Пёсья матерь - Павлос Матесис
Когда народный комитет начал арест предателей для публичного поношения, мадам Ксирудис спустила своих дочерей в подвал и спрятала каждую в сосуде с маслом, только головы едва-едва виднелись. Потом она накрыла сосуды дырявой овчиной, чтобы ее девочки не задохнулись, и подвязала овчину веревками. И вот так она спасла своих детей от позора: когда за ними пришли – весь дом вверх дном перевернули, но найти девушек так и не смогли, и грузовик уехал от их дома ни с чем. А там, в машине, уже сидела моя мать и еще несколько женщин – начали они с простолюдинок. А вечером мадам Ксирудис спускалась в подвал и поила дочерей водой через воронку.
Дочери Ксирудис просидели в этих сосудах три дня и три ночи. О том, что случилось с маслом, мне даже и говорить тошно. Но как бы там ни было, на публичное поношение их не выволокли. А что до масла, позднее их безумный старик-отец продал его нашему войску, да еще и подарил где-то сто окк продовольственному партизанскому управлению (экий подлец!). Только подумай теперь, что там с этим маслом ели наши ребята, ладно, спокойно, в конце концов, никто еще не умирал от нечистой еды, что бы там ни говорили ученые.
Это нам позднее рассказала их служанка Виктория; она растрезвонила об этом, потому что они ее били. Виктория тоже водилась с итальянцами: ее хозяйки с офицерами, а она с конюхами. И как только в «Подветренном уголке» высадились англичане, Виктория собрала свои вещи в один мешок, встала в десять утра перед домом своих хозяев и начала поносить их на чем свет стоит: предатели, рогоносцы! Тогда она рассказала и про сосуды, и что ее заставляли есть еду, приготовленную на масле с мочой (о других рассказанных ею непристойностях я промолчу − совсем противно!). И потом она пошла пешком к «Подветренному уголку», уж не знаю, как ей пришло в голову, что освобождение равнозначно сватовству и что англичане посадят ее на свой корабль и увезут на родину сыграть свадьбу.

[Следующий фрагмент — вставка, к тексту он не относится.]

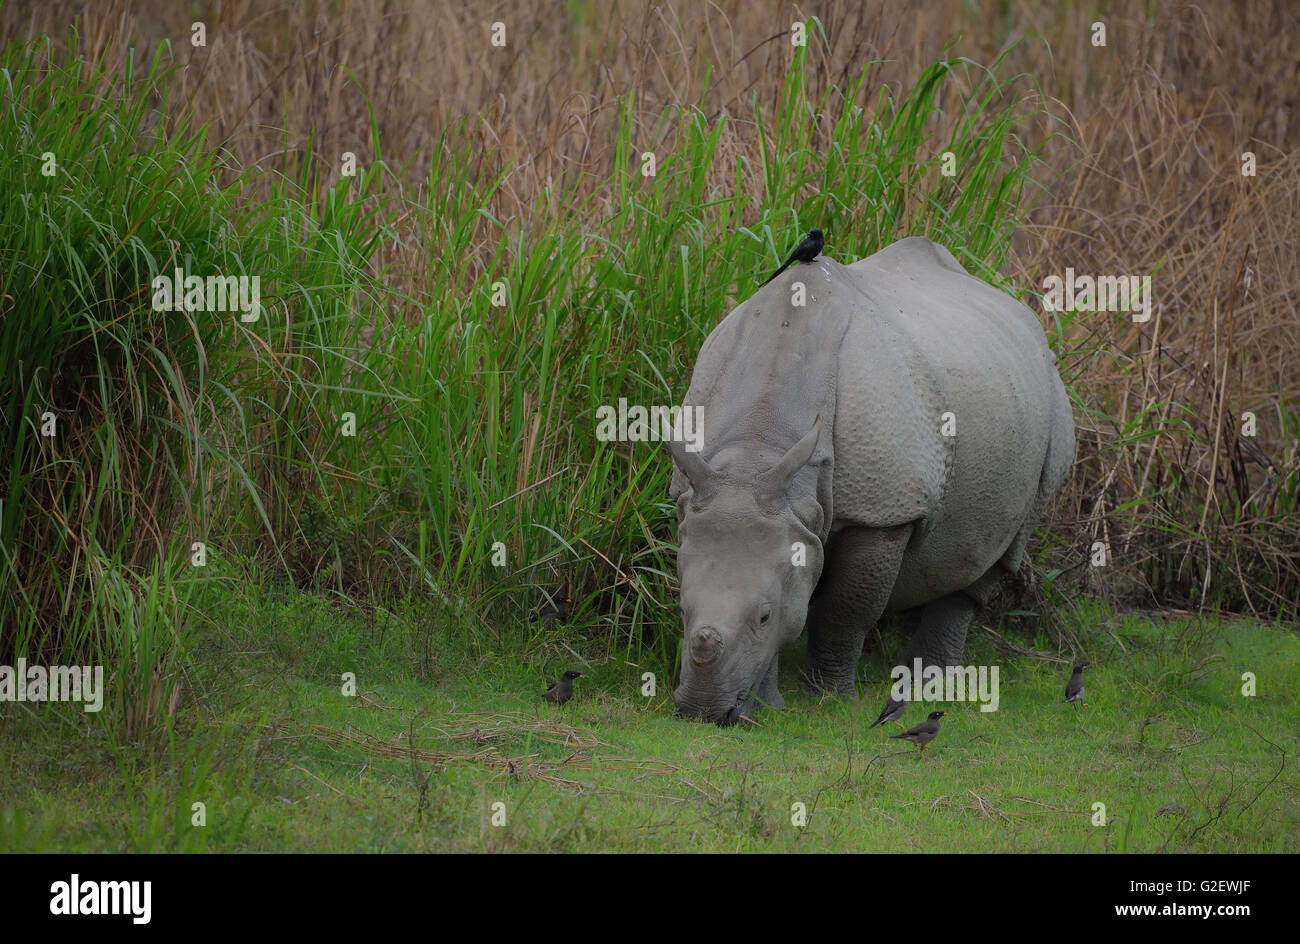 Rhinocéros indien ou d'Indien Grand rhinocéros à une corne (Rhinoceros unicornis), avec des oiseaux, le parc national de Kaziranga, Inde Banque D'Images

Виктория три дня ночевала на набережной в «Подветренном уголке»; куда она ходила по нужде, ума не приложу. Она пела песню «Долог путь до Типперери»[55]. Разочаровавшись и в англичанах, она снова вернулась пешком в Бастион и, колотя себя в грудь, кричала: союзники – предатели! В конце концов, вмешалась тетушка Андриана и отправила ее обратно в родную деревню на грузовике, битком набитом неостриженными баранами, и с тех пор я больше ничего не слышала о Виктории.
Все поутихло, мадам Ксирудис тоже повесила английский флаг и прогнала с работы мою мать: мне очень жаль, Асимина, но ты предательница, сказала она ей. А ее проститутки-дочери теперь водились с англичанами; к счастью, их старик-отец уже умер и не выкрикивал непристойности в адрес союзников.
Я не держала зла на дочерей Ксирудис: когда я представляла себе, что они три дня провели в масле, всю мою обиду как рукой снимало. А между тем и в других домах начали говорить моей матери, что больше в ее услугах не нуждаются, потому что итальянцев теперь осудили и восславляли союзников и свободу. Так что я была вынуждена совсем бросить вечернюю школу, чтобы как-то сводить концы с концами, теперь, когда моя мать не работала.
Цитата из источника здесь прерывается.